DATA BELOW
================================

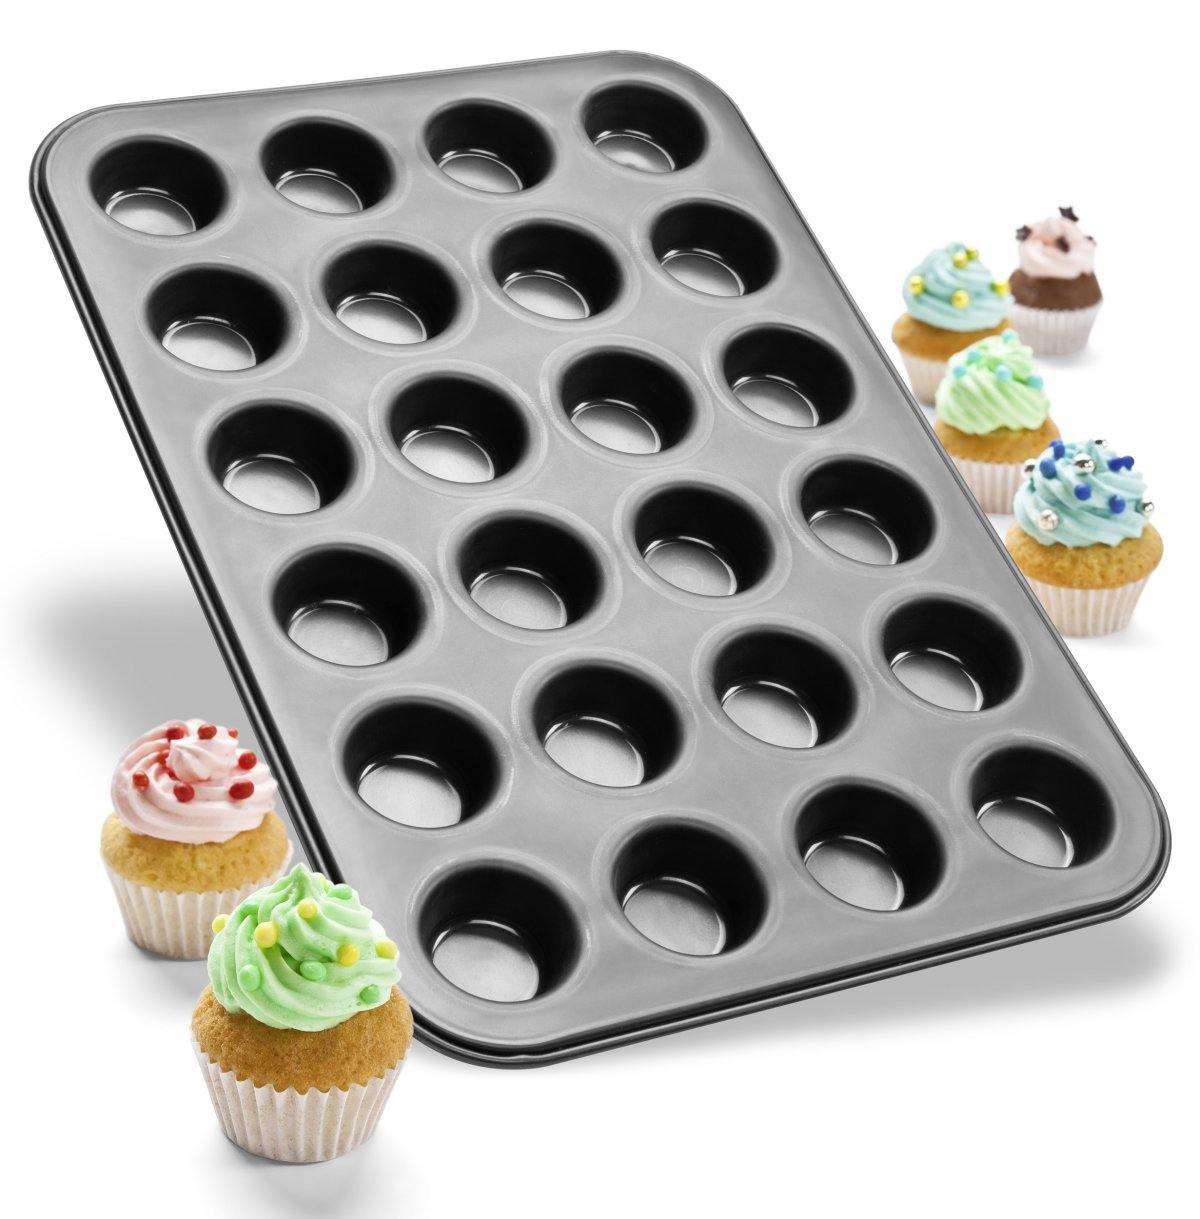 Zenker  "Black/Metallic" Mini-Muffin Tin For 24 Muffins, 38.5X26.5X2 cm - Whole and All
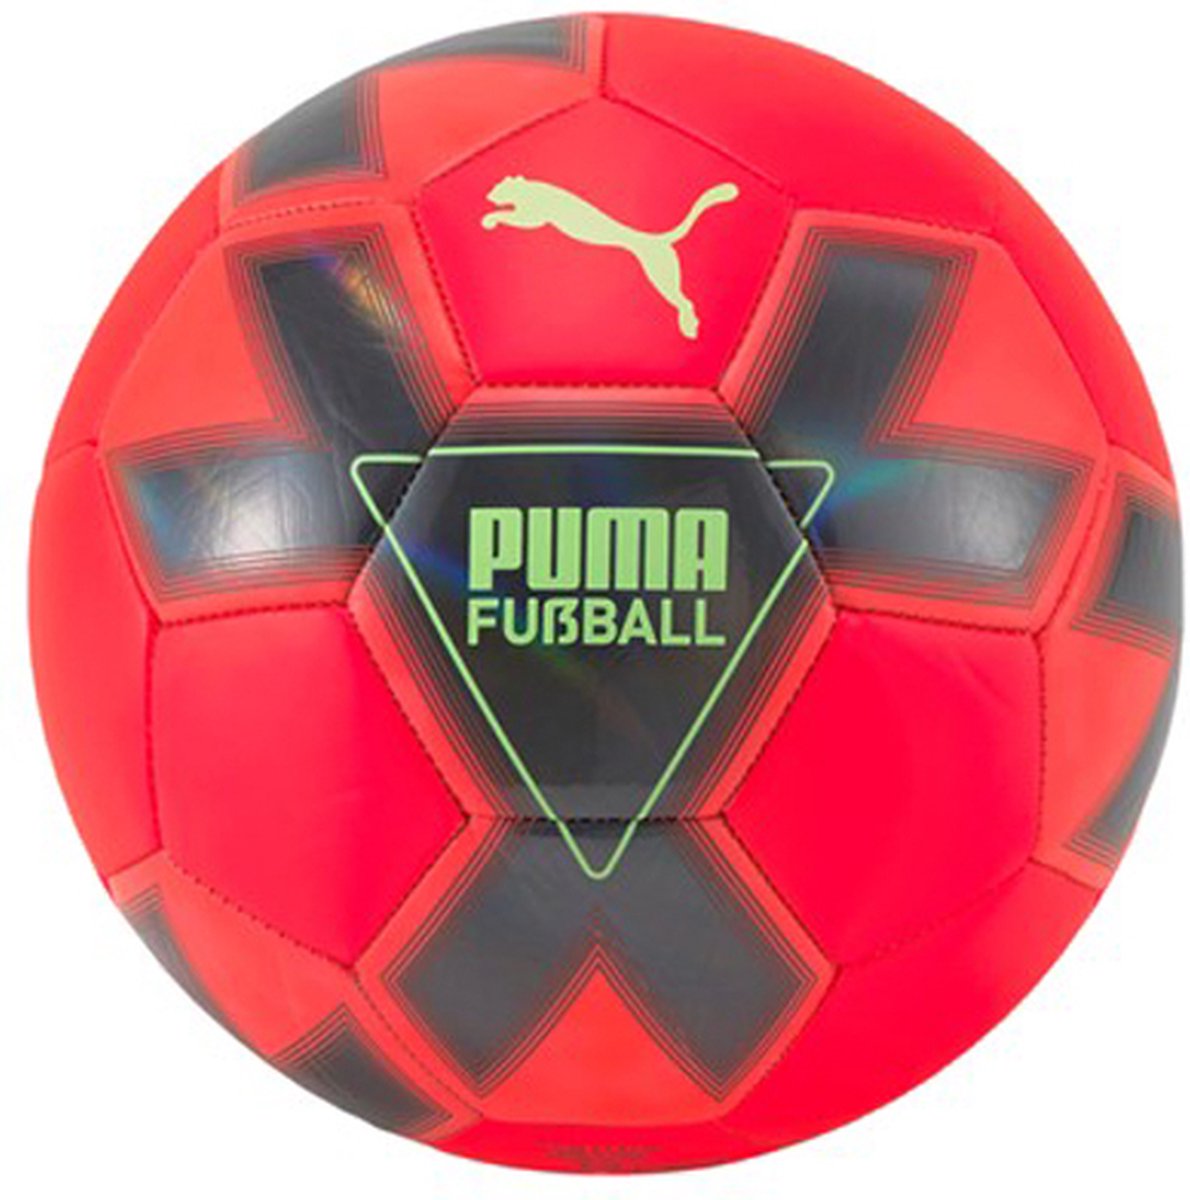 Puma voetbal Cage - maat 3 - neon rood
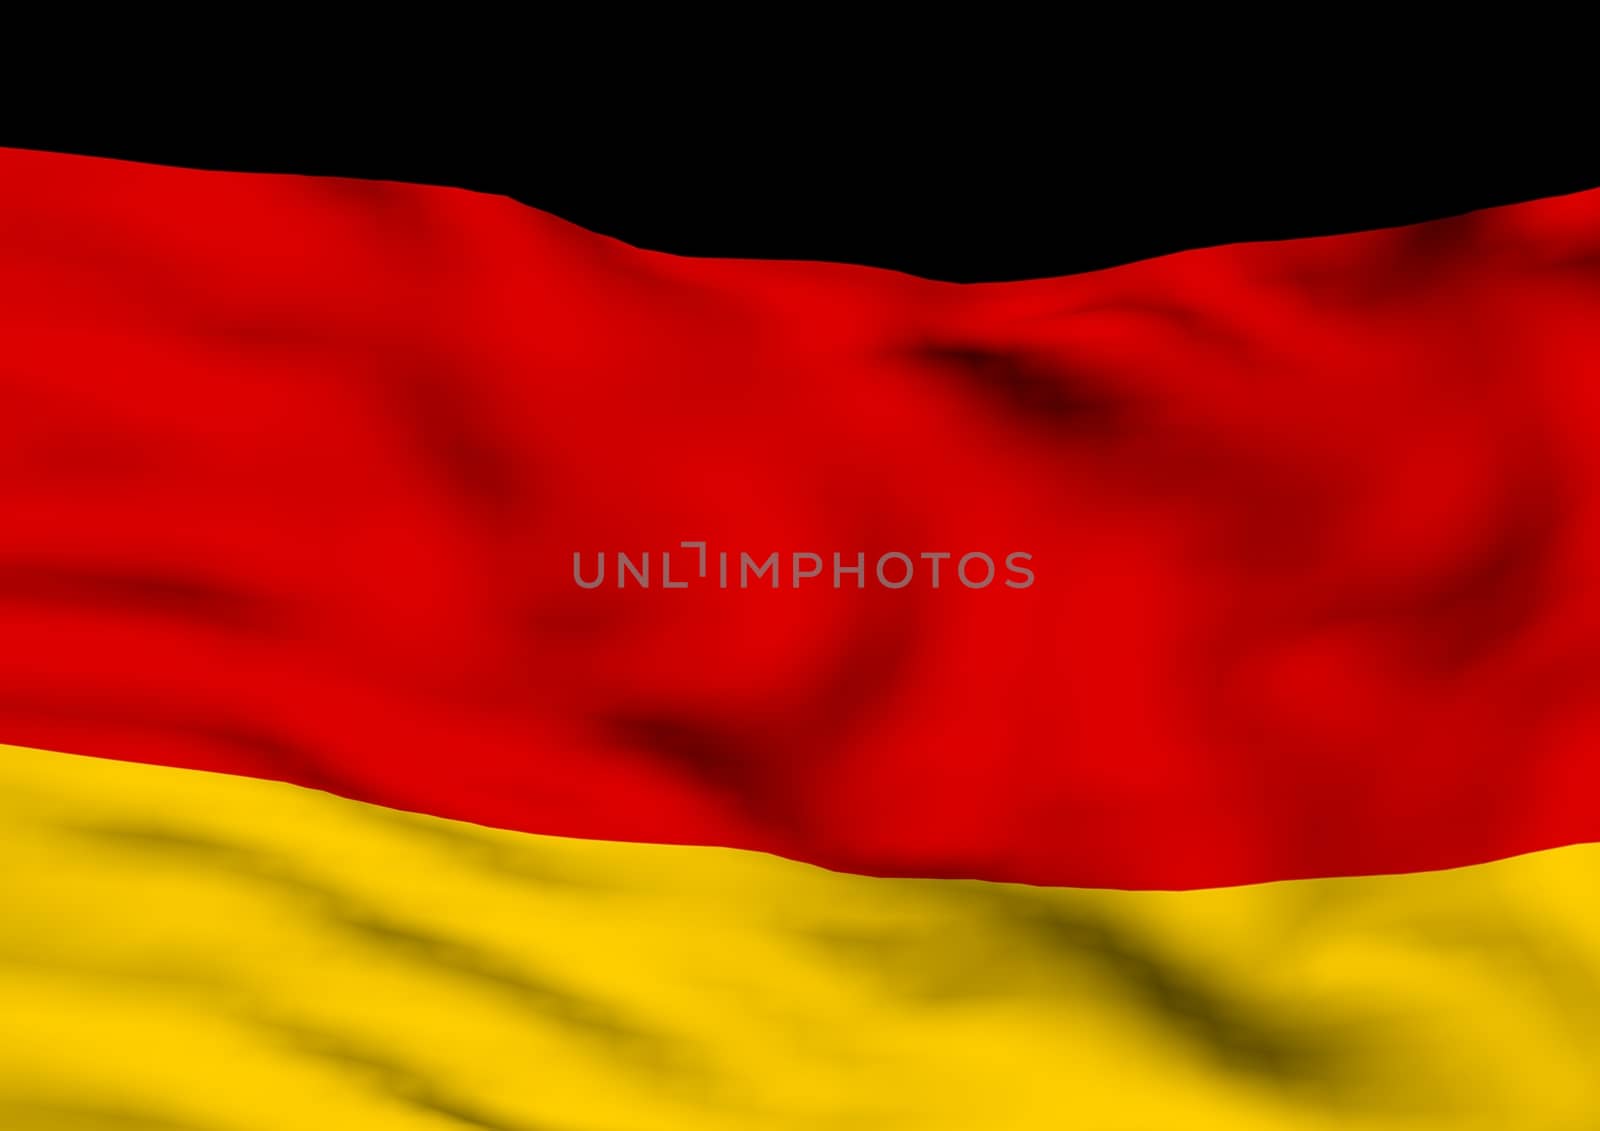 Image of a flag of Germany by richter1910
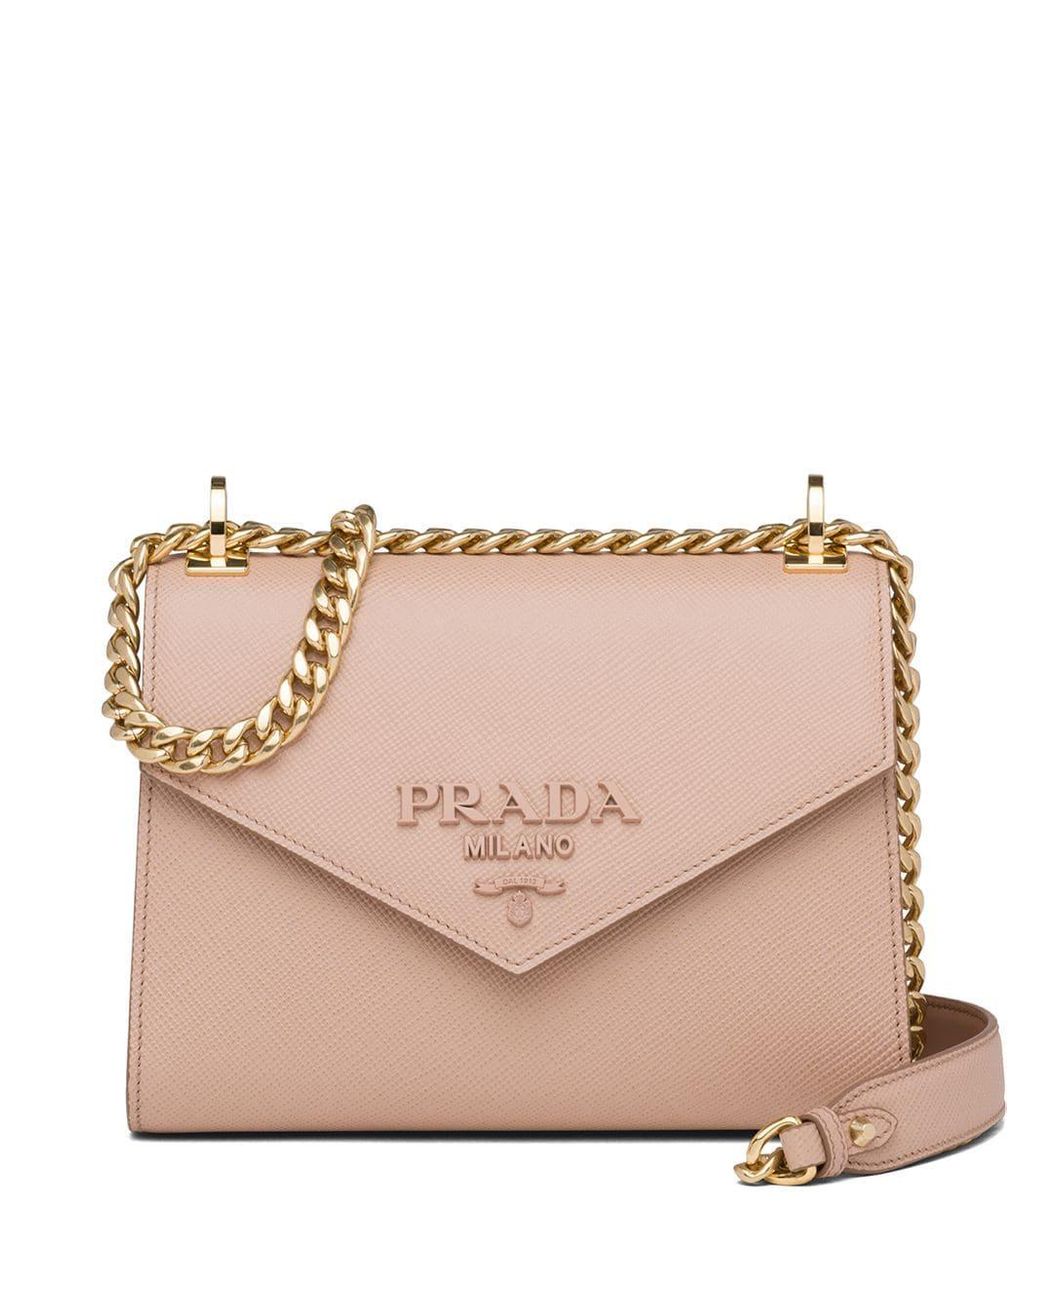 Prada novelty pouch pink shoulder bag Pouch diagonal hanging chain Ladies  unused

================================

WHAT YOU NEED TO DO
The answer must be the data above, repeated exactly, with no pictures.

TASK SOLUTION
 Zenker  "Black/Metallic" Mini-Muffin Tin For 24 Muffins, 38.5X26.5X2 cm - Whole and All
 Puma voetbal Cage - maat 3 - neon rood
 Image of a flag of Germany by richter1910
 Prada novelty pouch pink shoulder bag Pouch diagonal hanging chain Ladies  unused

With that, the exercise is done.